On Tue, Mar 25, 2014 at 11:23:46AM +0000, Dmitry Malkin wrote:
> Hi,
> will you accept bash scripts for reloading driver/X/FLR for intel-gpu-tools to uncover exists and future bugs besides those patches?

i-g-t/tests/drv_module_reload we have already, so basic coverage is there.
It it's run in our nightly test runs on drm-intel-nightly.

But that scripts tries very hard not to cause a race so more fancy stuff
is still needed.
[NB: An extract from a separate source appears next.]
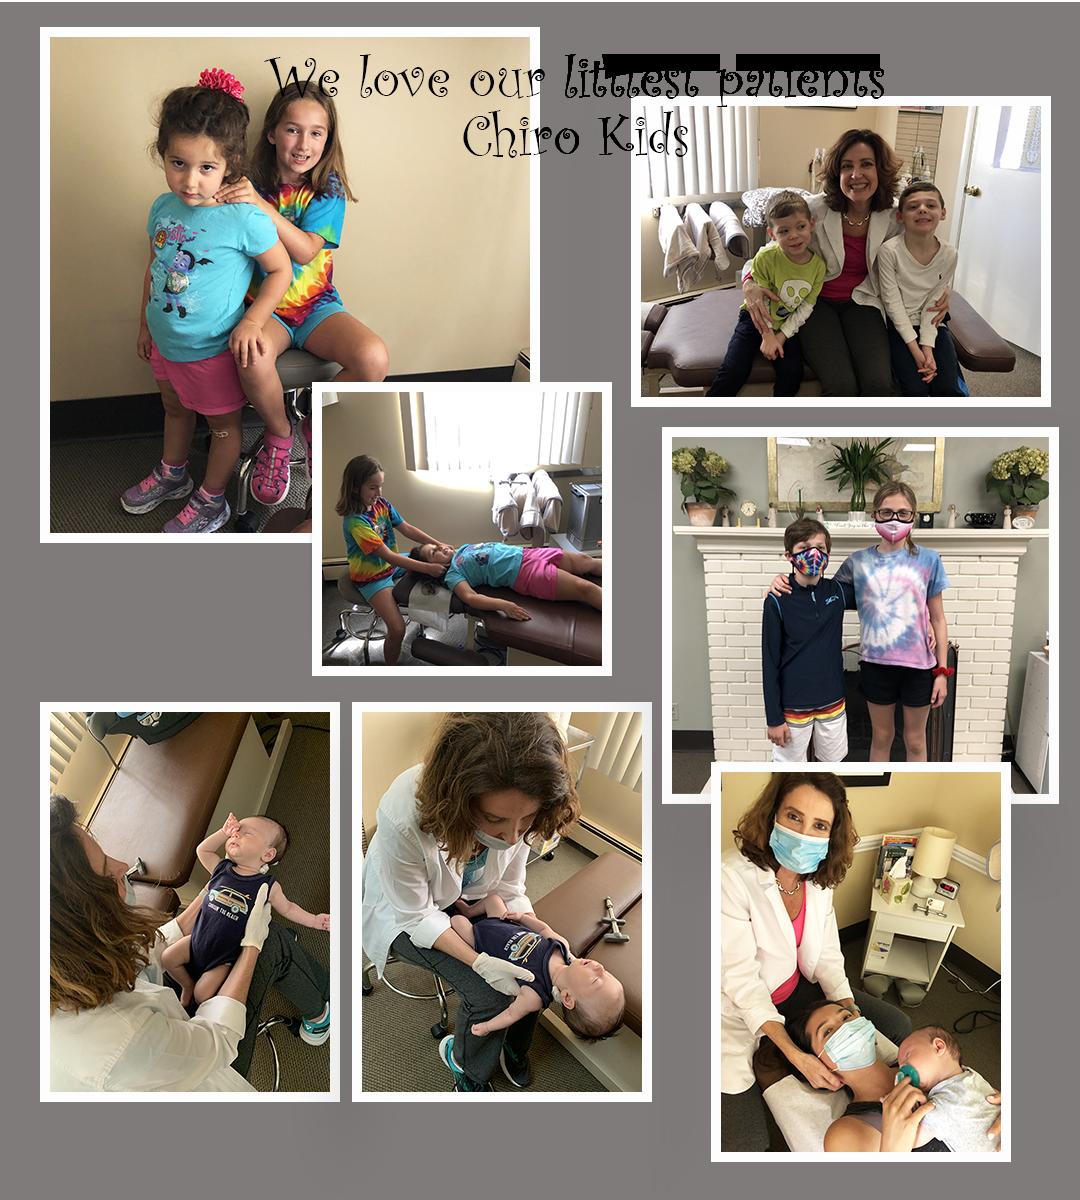 Chiro Kids - Chiropractic Services for Children

But until we have a more solid driver I don't think
there's much point for crazier scripts, it'll just cause headaches.
-Daniel


> ________________________________________
> From: Daniel Vetter <daniel.vetter at ffwll.ch> on behalf of Daniel Vetter <daniel at ffwll.ch>
> Sent: Tuesday, March 25, 2014 2:43 PM
> To: Dmitry Malkin
> Cc: Daniel Vetter; dri-devel at lists.freedesktop.org
> Subject: Re: [DRM] drm_get_connector_name internal static string buffer causes a race
> 
> On Tue, Mar 25, 2014 at 08:08:23AM +0000, Dmitry Malkin wrote:
> > Hello, Daniel,
> >
> > Thank you for response. I've got a couple questions for you:
> >
> > 0. What do you think about making integration test with continuous reloading i915 driver and X server (with FLR between iteration)?
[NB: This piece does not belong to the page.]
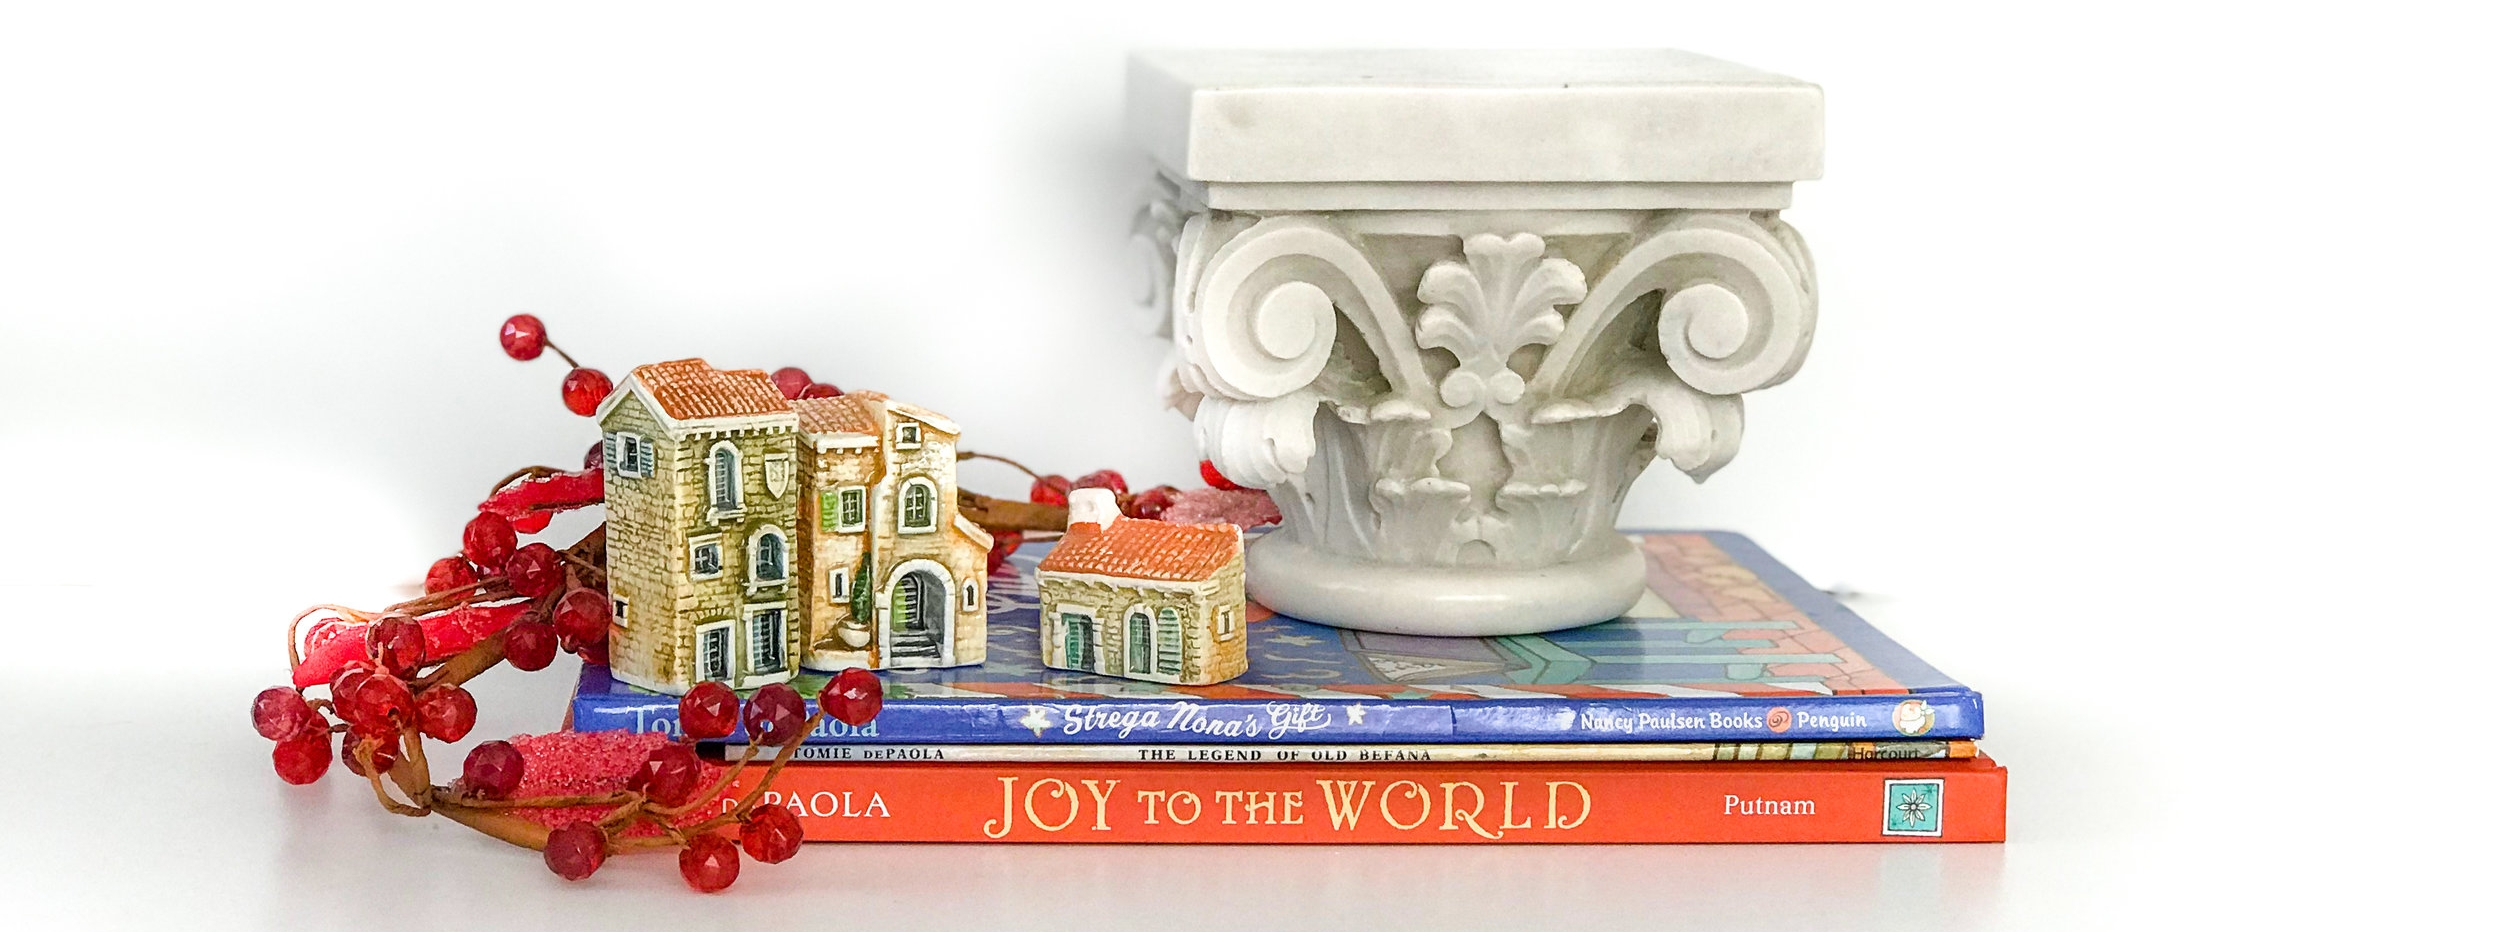 christmas books-6.jpg

> > Simplified example for ubuntu (root required):
> 
> Module reloading is know to be horribly racy atm. Don't do that in any
> kind of stress-test situation before fixing up piles of bugs ;-)
> 
> Will mean: You'll uncover at _lot_ more than just this. Patches for all
> this highly welcome though.
> 
> Thanks, Daniel
> 
> >
> > #!/bin/bash
> > service lightdm stop
> > rmmod snd_hda_intel
> > echo -n "0000:00:02.0" > /sys/bus/pci/devices/0000\:00\:02.0/driver/unbind
> > rmmod i915
> > echo 1 > /sys/bus/pci/devices/0000\:00\:02.0/reset
> > modprobe i915
> > service lightdm start
> >
> > This will uncover next problems:
> > * sysfs add/remove i2c connectors (parent/child warning)
> > * drm static buffer races
> > * NX bit violation crash (see dump below)
> > * and bunch of DMAR problems
> >
> >
> > 1. Could you point me out git/branch with FIXME comments?
> >
> > 2. About kfree() problem: what if put string buffer onto stack of caller for drm_get_connector_name and drm_get_encoder_name?
> > It will be auto-removed and there is will be the patch about adding new param for these functions.
> > (yes the patch will be big and awful to read)
> >
> > ======================= NX bit violation crash ========================================
> > Mar 20 21:53:29 haswell01 kernel: [13447.100849] Console: switching to colour dummy device 80x25
> > Mar 20 21:53:29 haswell01 kernel: [13447.100950] drm_kms_helper: drm: unregistered panic notifier
> > Mar 20 21:53:29 haswell01 kernel: [13447.117785] waiting module removal not supported: please upgrade
> > Mar 20 21:53:29 haswell01 kernel: [13447.117880] [drm] Module unloaded
> > Mar 20 21:53:29 haswell01 kernel: [13447.118244] waiting module removal not supported: please upgrade
> > Mar 20 21:53:29 haswell01 kernel: [13447.118360] waiting module removal not supported: please upgradewaiting module removal not supported: please upgrade
> > Mar 20 21:53:39 haswell01 kernel: [13447.118590] waiting module removal not supported: please upgrade<6>[13457.263808] [drm] Initialized drm 1.1.0 20060810
> > Mar 20 21:53:39 haswell01 kernel: [13457.333992] kernel tried to execute NX-protected page - exploit attempt? (uid: 0)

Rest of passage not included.